Stuck in Neutral: 
Why can't I get out of this?
Based on a true story:  an 18-year old woman has just gotten out of an abusive dating relationship and is recovering, just for another man, a friend of hers, to reject her soon after, saying some things that negatively affect the way she sees herself.  Add to that the fact that this situation is nothing new to her; she has been in the same cycle of negativity and pain since puberty.
     Imagine a year later, this same woman is angry and frustrated.  She believes she has been wronged, and regrets every day that she hadn't told the men that hurt her what she really thought of them and what they had done.  She finds herself becoming paranoid; she fears that the man that had rejected her a year before was now looking to date her friends.  She knows that her feelings make no sense to her and she should be over this man, but she doesn't know what to do.  She's stuck in a snowmound, and her wheels are spinning.
     Most, if not all people, have at least that one issue in life that is a weakness, that one thing that tends to cause problems and drama.
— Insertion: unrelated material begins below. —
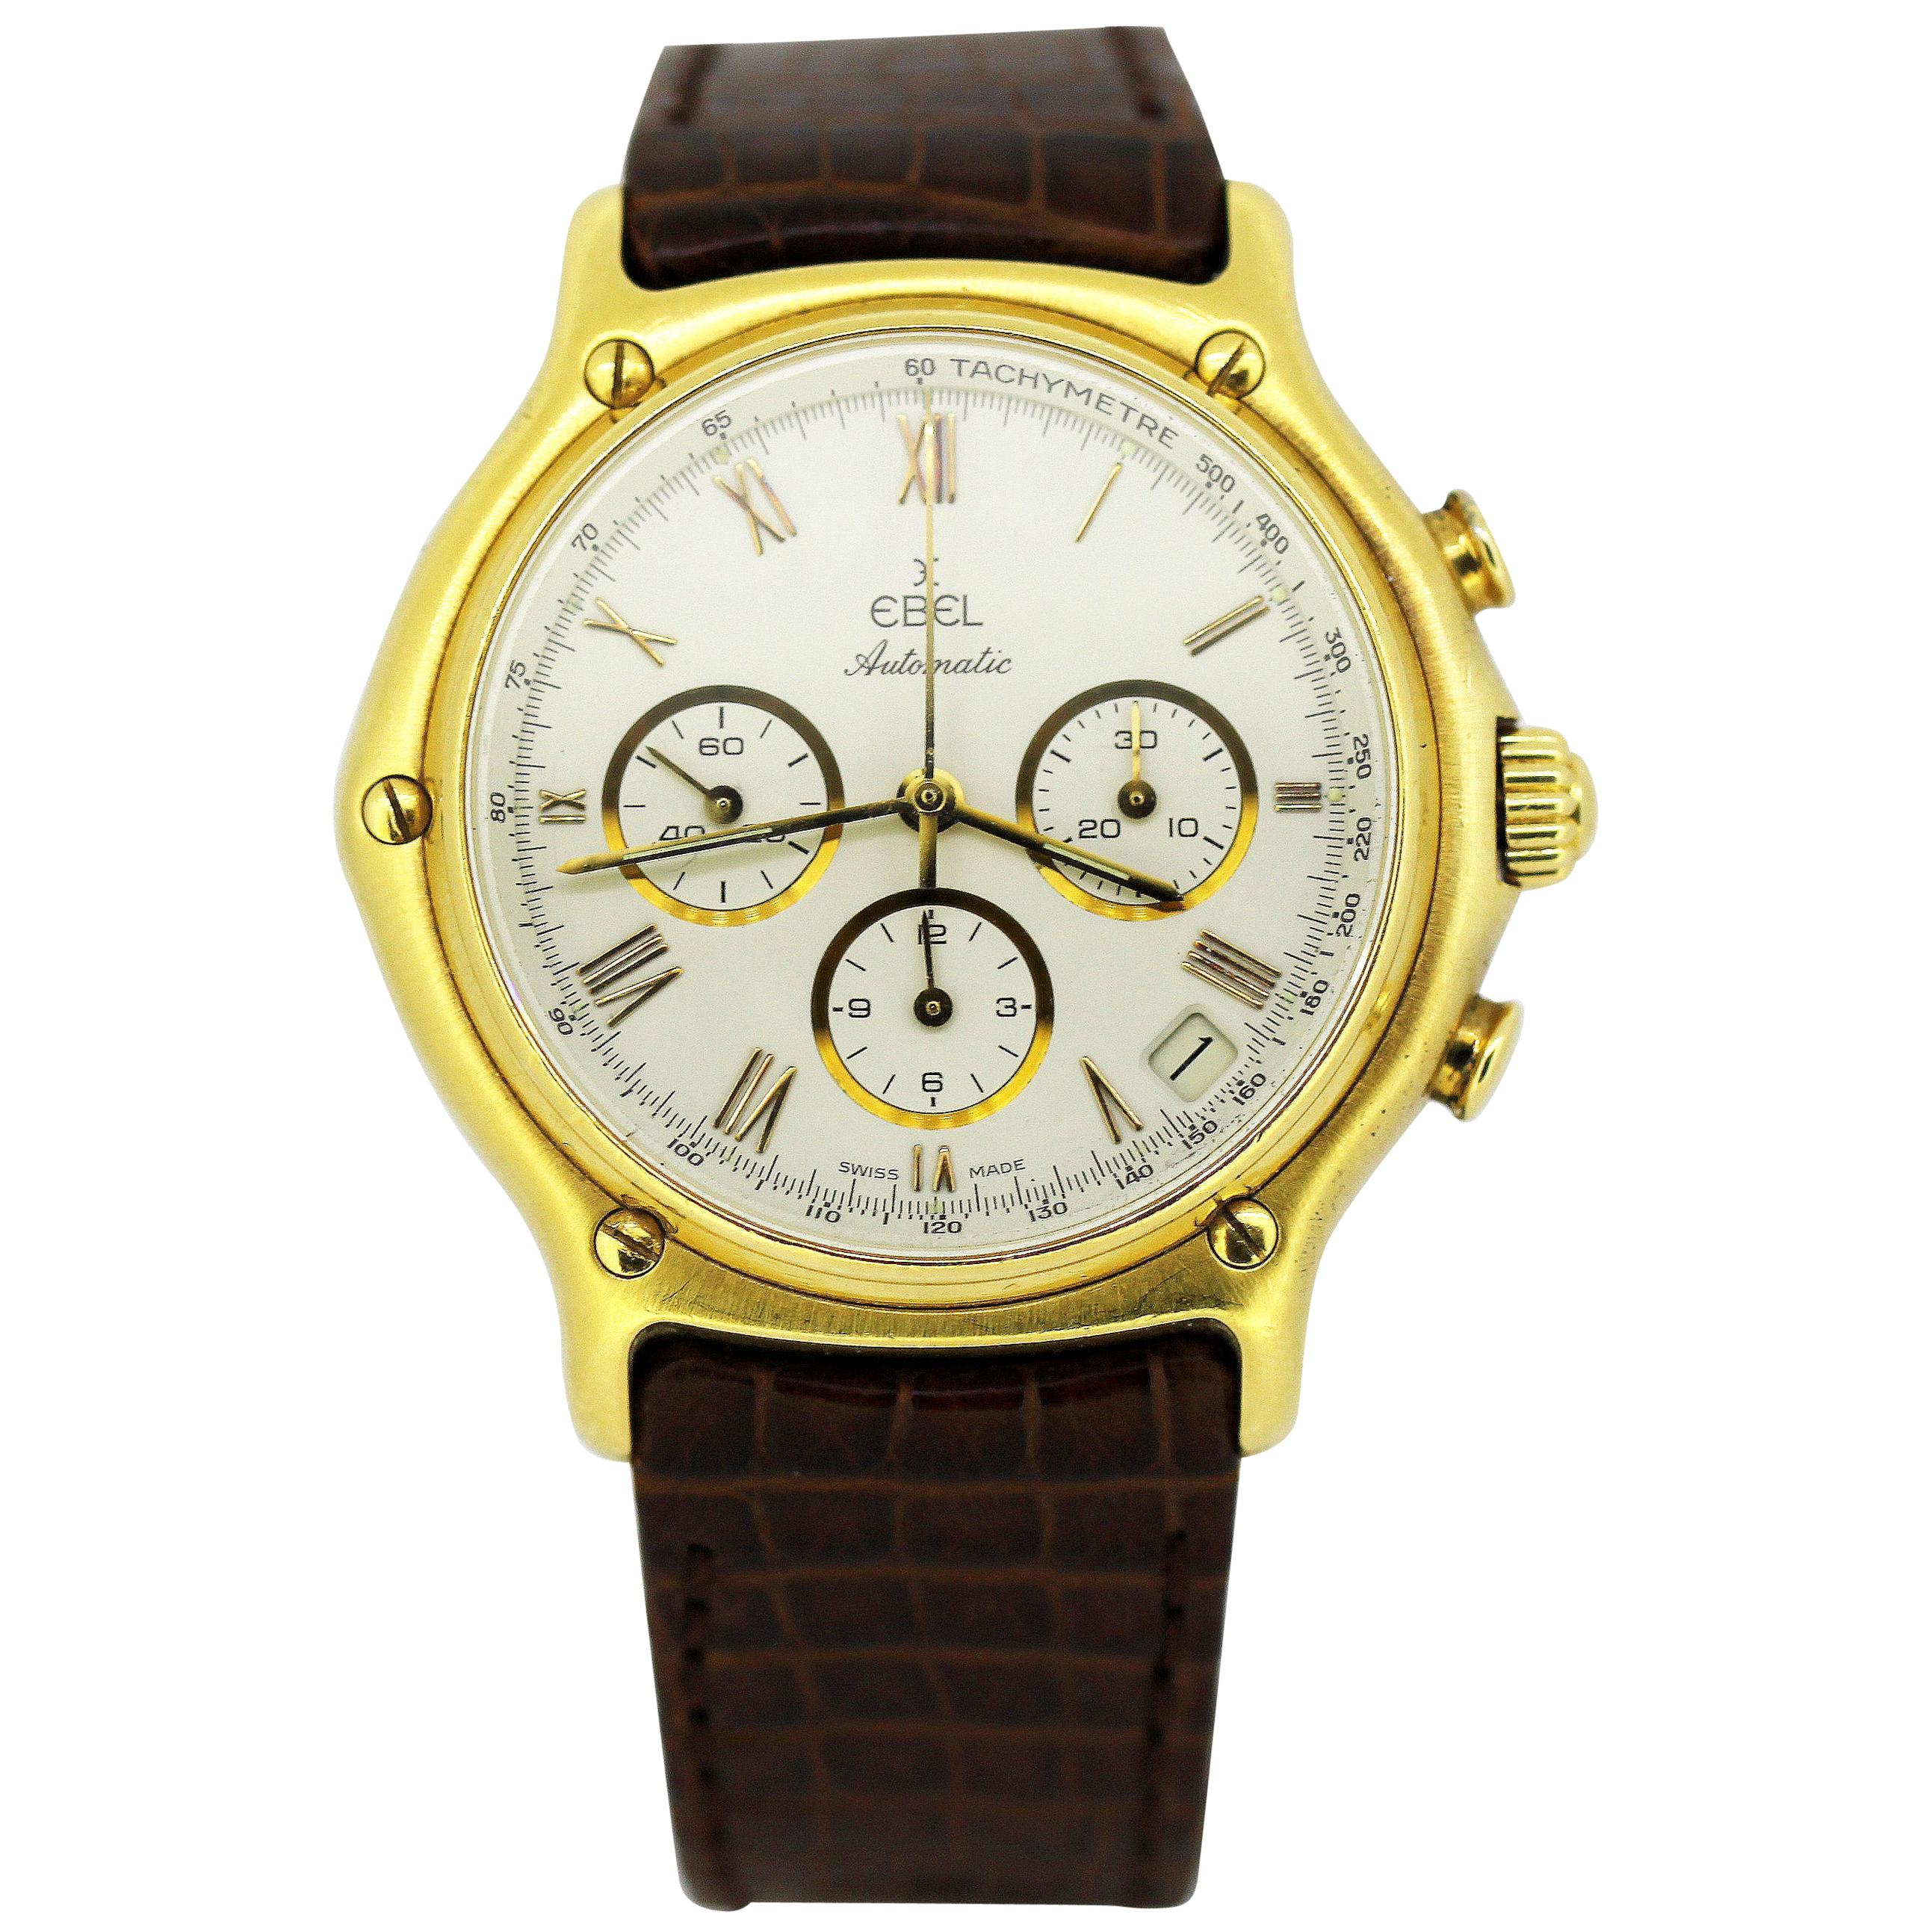 Ebel 1911 Men's Chronograph Watch in 18 Karat Gold, circa 1990s at 1stDibs  | ebel 1911 18k gold watch, ebel watch 1911

The challenge is to figure out what the issue really is, face it, ask God for guidance, do what He says, learn from it, then leave it in the past.  I know that sounds like a lot of steps, but it's really not.
     Let's go back to the woman spinning her wheels.  God lets her know that her past issues with men are being manifested in the current situation with this man, and she needs to apologize, forgive, and move on with her life.  She apologizes for the wrongs she sees that she has done, and she has forgiven those who had wronged her.  This is a hard process of healing, but she makes it through. 
     A side note:  Forgiveness is a powerful thing.  It is good to forgive others, because of the forgiveness Jesus shows us.  How can we expect anyone to forgive us for our transgressions if we hold a grudge?  Also, it is important to forgive yourself.  Regret is a feeling that can gnaw at you for a long, long time.  It makes you look back on the things you have done wrong, and not only think that you could've done these things differently, but it also makes you wish that certain situations never happened.  We all make mistakes, but the trick is to learn from them, not just to mourn them. 
     The woman believes she is over her past pain from other men, but she still has feelings for this particular man, and she wishes that she had been more assertive and stood up for herself and told him that she didn't agree with what he said about her.
     Right there, she has a choice.  She can either continue to be angry at herself and have this regret on her heart, or forgive herself, learn from this mistake, and have closure. 
     This story can apply to others in whole or in part.  Your issue may be with "love," whether family, friend, or romantic, it could be an issue with finances, it could be an issue with skeletons in your closet or a deep, dark secret that's been haunting you for years.  God doesn't allow us to go through problems to play with us;  He has us go through things so we can gain character, learn lessons that He wants us to understand, and be prepared for the things He wants us to do and go through in the future, good as well as bad. 
     The woman, by the way, finally chose to forgive herself, and that choice was the salt on her snowmound.  She is now riding past it, the situation is now only a memory.  Trust me, it's true, I know her.